Despite the advantages of incorporating peace-building and state-building in the same model, applicational limitations should be recognised. In practice, foreign and security policymaking still largely treat them as separate issues. Moreover, academics often approach the subjects from different angles. Heathershaw and Lambach caution that in practice, interventions that attempt the ambitious goals that Paris (amongst others) sets out may be coercive and driven by a 'the end justifies the means' outlook. This concern is acute in United Nations peacekeeping missions for there have been instances where peace-builders aspire not only to go a step further and eradicate the causes of violence, which are oftentimes not agreed upon by the parties to the conflict, but also to invest 'post-conflict societies with various qualities, including democracy in order to reduce the tendency toward arbitrary power and give voice to all segments of society; the rule of law in order to reduce human rights violations; a market economy free from corruption in order to discourage individuals from believing that the surest path to fortune is by capturing the state; conflict management tools; and a culture of tolerance and respect'. Such ambitious goals are questionable when the United Nations has been seen to struggle in high-profile conflict-ridden situations such as Darfur and the Democratic Republic of the Congo. Where it has accomplished a degree of stability such as in Haiti and Liberia, it endures pressure 'to transition from heavy and costly security-oriented peacekeeping operations to lighter, peace-building-oriented missions'. Introducing state-building to mandates is controversial not only because this would entail extra costs and commitments but also because 'the expansion of peacekeeping into these areas has de facto extended the authority of the Security Council, with political, financial, institutional, and bureaucratic implications that have yet to be fully addressed'.

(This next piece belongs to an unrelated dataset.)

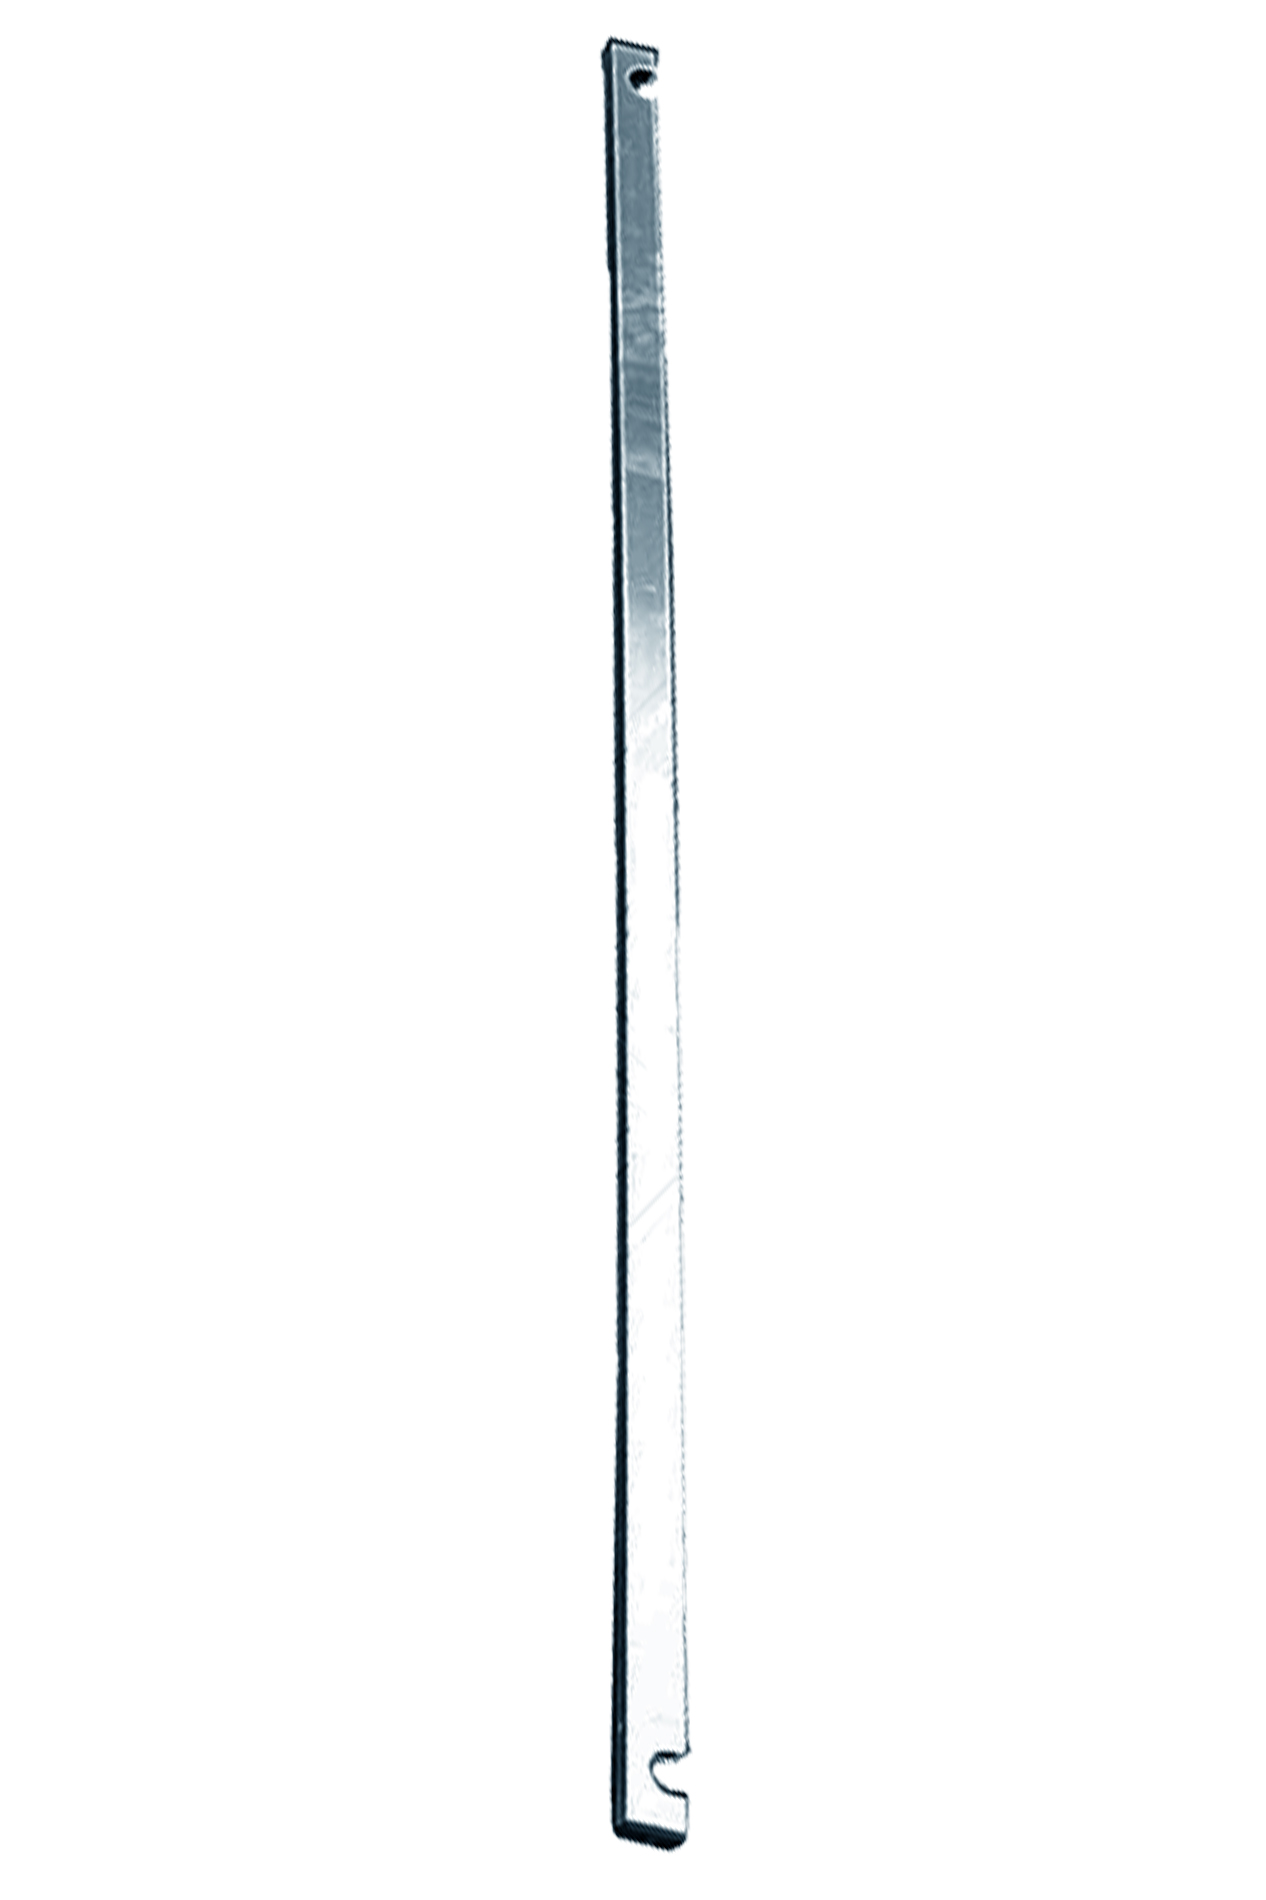 Дополнительное изображение STABILO 100-3 Передвижные подмости, рабочая высота 14,3 м, размер площадки (3.0x0.75 м)

Due to the inherently political nature of state building, interventions to build the state can hinder peace, increasing group tensions and sparking off further conflict. The strength of the consensus that has emerged stressing that 'a minimally functioning state is essential to maintain peace', ignores the complications that poor legitimacy and inclusion can lead to in the future, undermining the whole process. For instance, while the Guatemala Peace Accords were considered successful, 'the formal substance of these agreements has not altered power structures that have been in place for decades (if not centuries) in any substantial manner. The underlying (informal) understanding among elites – that their privileges and hold on power are not to be touched – appears to remain. Therefore, while the Accords may be deemed successful because they prevented the outbreak of war, this 'success' was tainted by the implications made by a subsequent report published by the Commission of Historical Clarification in February 1999. Its particular institutions were singled out as responsible for extensive human rights abuses. State institutions were assigned responsibility for 93% of these, and the guerrilla forces for 3%. In unexpectedly strong language, the report described Guatemalan governmental policy at the height of the war as a policy of genocide. The reinforcement of these state institutions as part of the peace-building process taints it by association.

Efforts to "appease" or 'buy off' certain interest groups in the interest of peace may undermine state-building exercises, as may power-sharing exercises that could favor the establishment of a political settlement over effective state institutions. Such political settlements could also enshrine power and authority with certain factions within the military, allowing them to carve up state resources to the detriment of state-building exercises. However, in weak states where the government has not sufficient power to control peripheries of the territory, alliances with the elites could strengthen the state's governing power. Yet, these alliances are successful if the agreement is mutually beneficial for the parties e.g. elites' power is threatened by competition and the entitlement of the government would help them to diminish it. In return, the government would acquire information and control over the peripheries' policies. Afghanistan since 2001, is an example of a beneficial pact between government and elites; entitling some select set of warlords as governors yielded a strongman brand of governance in two key provinces.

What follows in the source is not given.